──────── DATA FOR THIS TASK

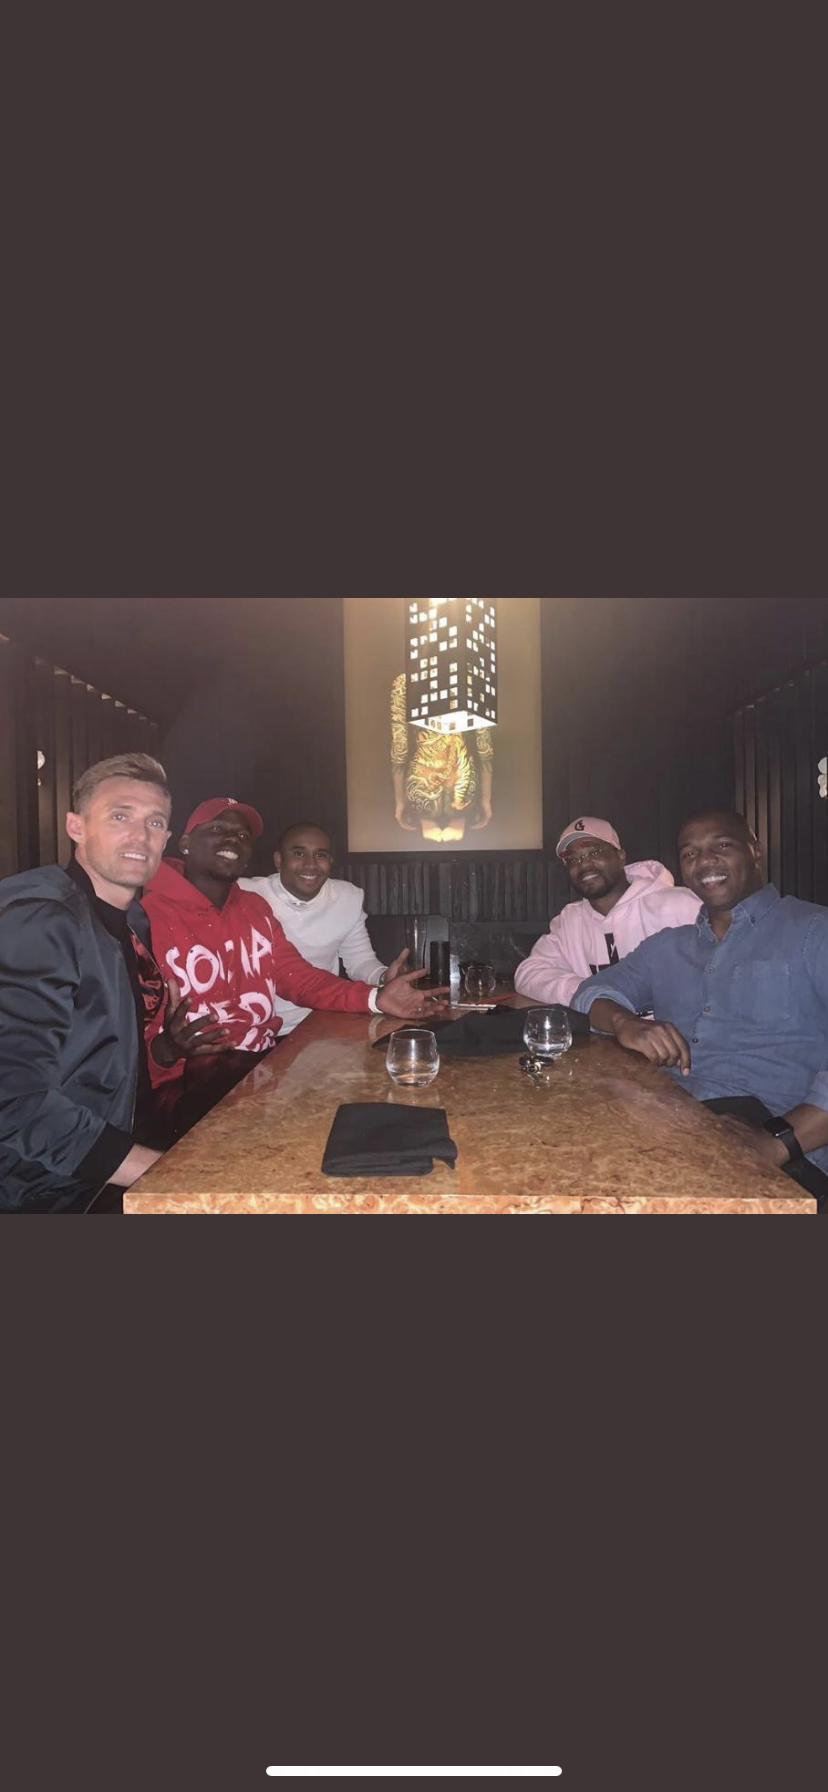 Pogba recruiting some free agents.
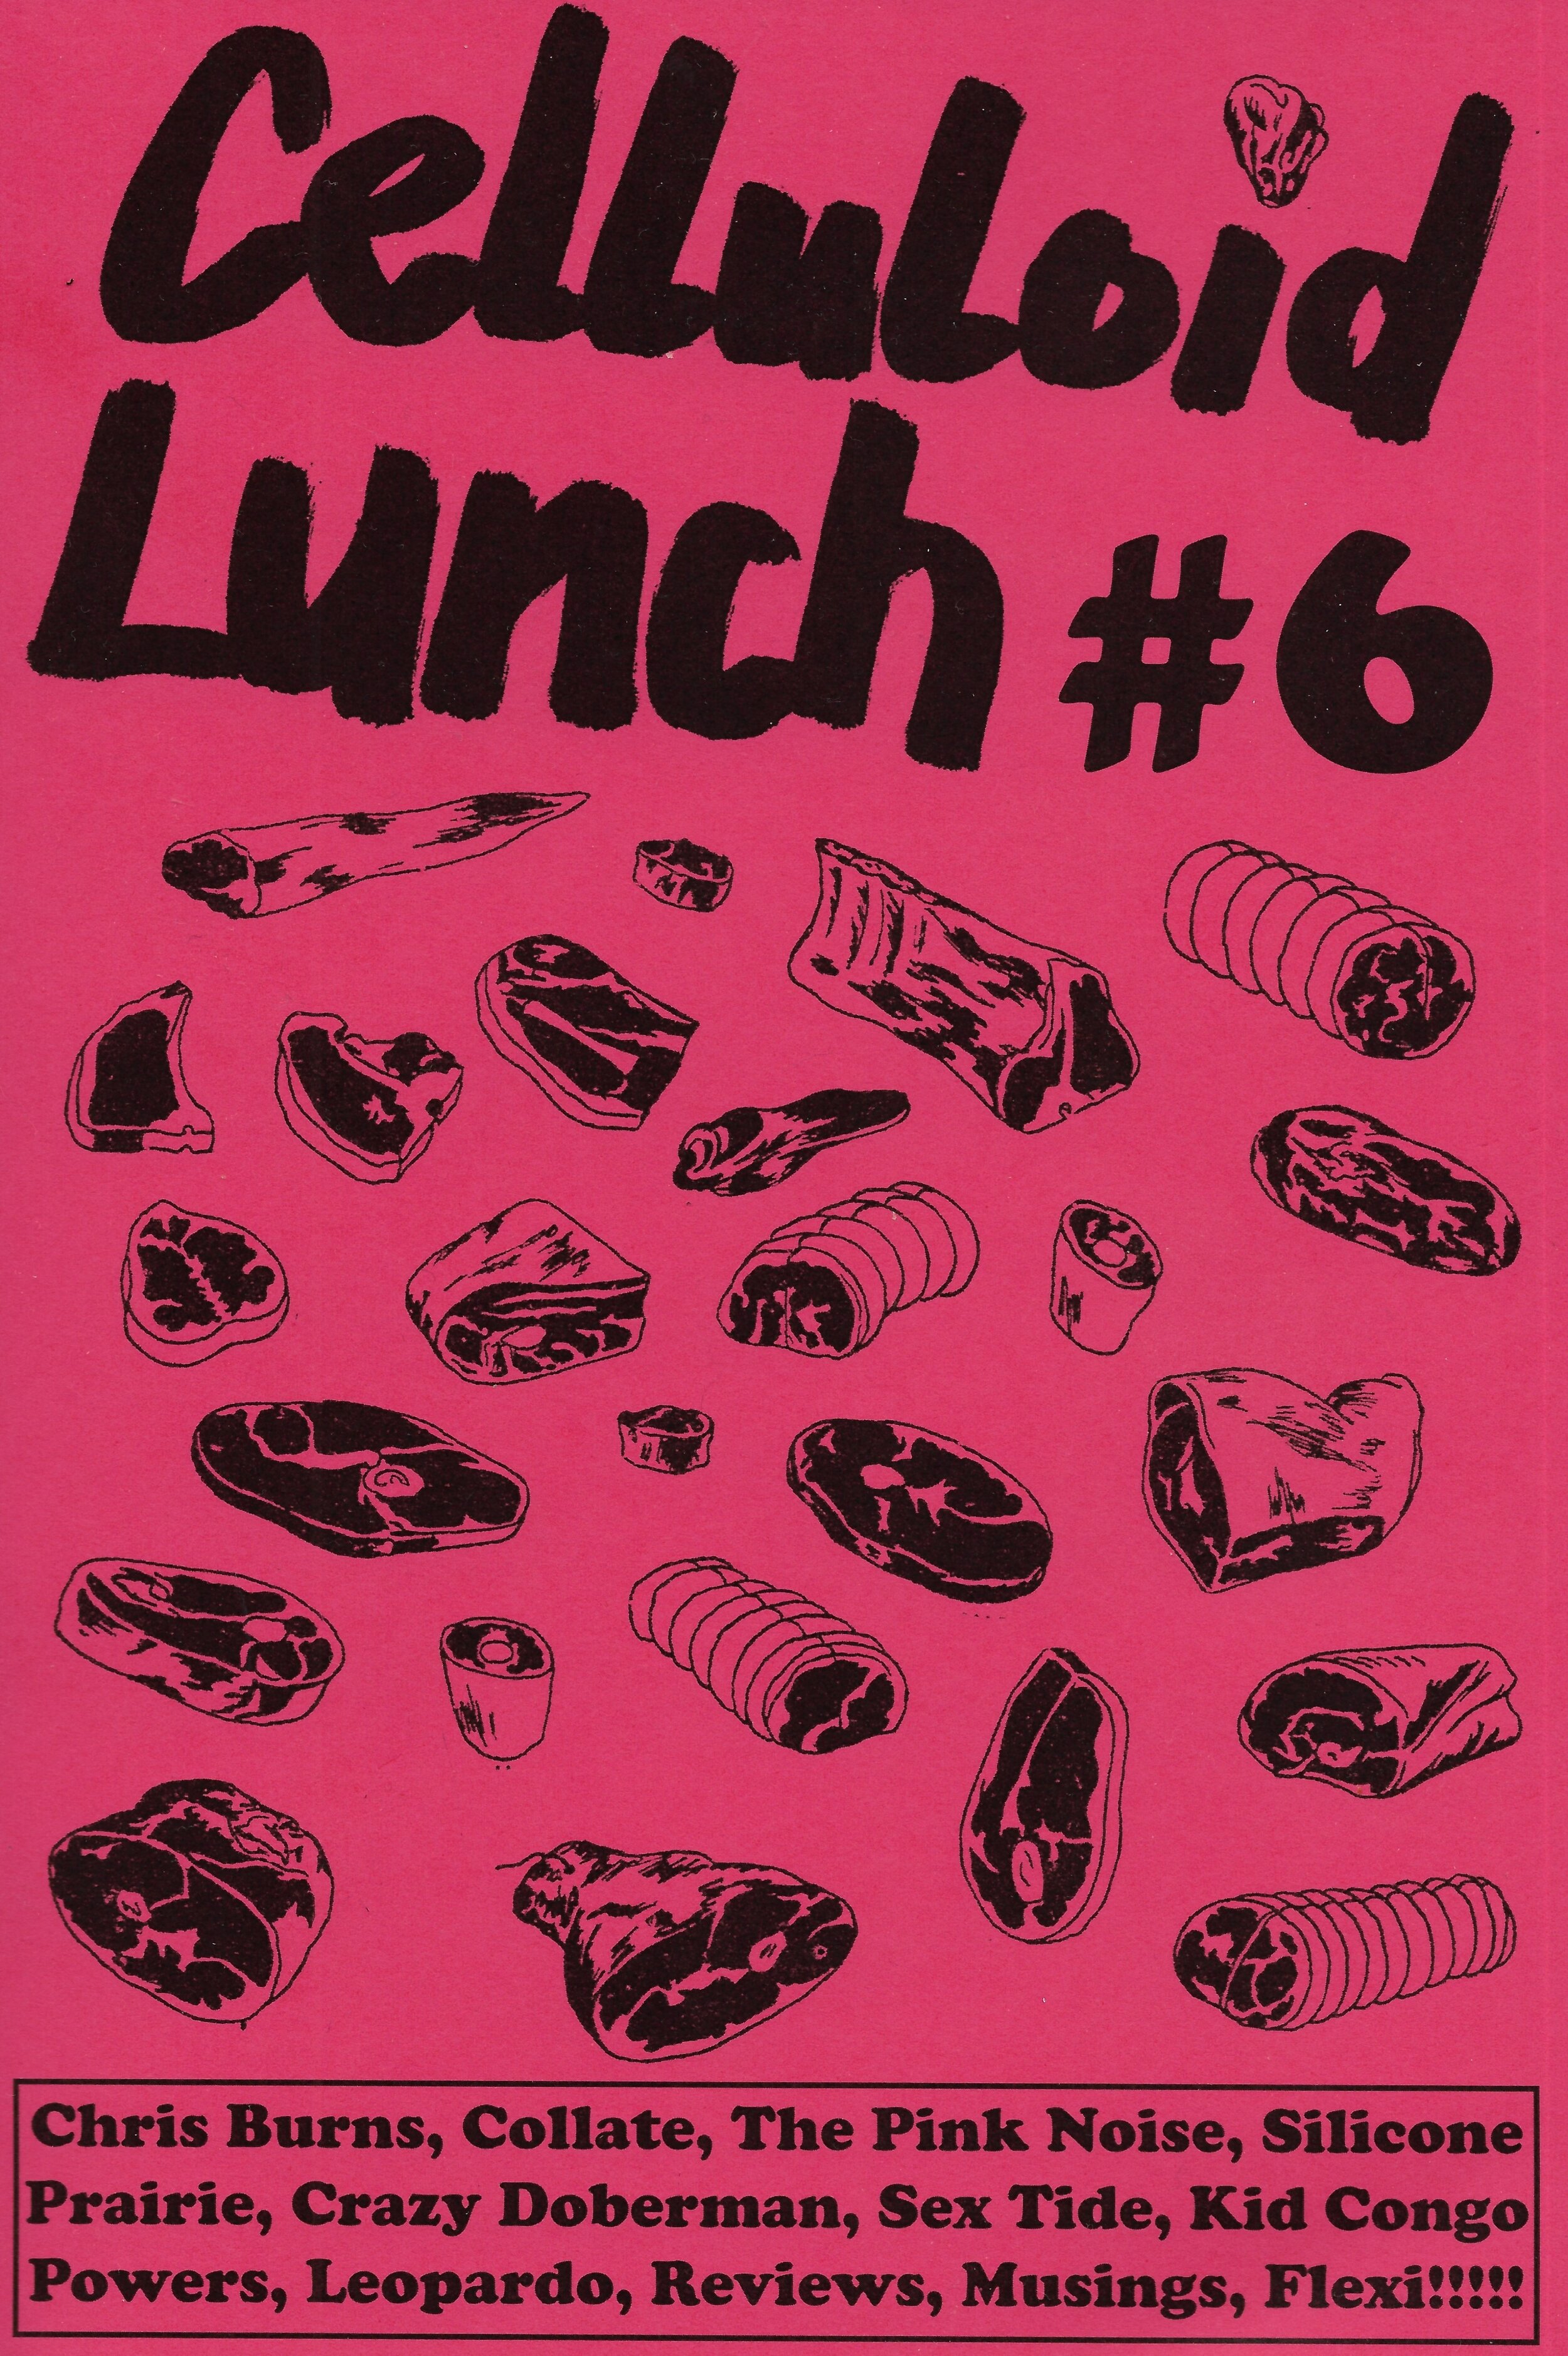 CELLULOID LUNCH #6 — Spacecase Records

────────────────
──────── DATA FOR THIS TASK

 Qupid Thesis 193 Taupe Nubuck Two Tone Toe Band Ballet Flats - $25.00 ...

────────────────

## PROBLEM TO WORK ON
Using the material above, reproduce only the lines that run from the line with "Pogba recruiting some free agents." up to and including the line with "CELLULOID LUNCH #6 — Spacecase Records", exactly, with the pictures dropped.

## REPLY TO THE EXERCISE
 Pogba recruiting some free agents.
 CELLULOID LUNCH #6 — Spacecase Records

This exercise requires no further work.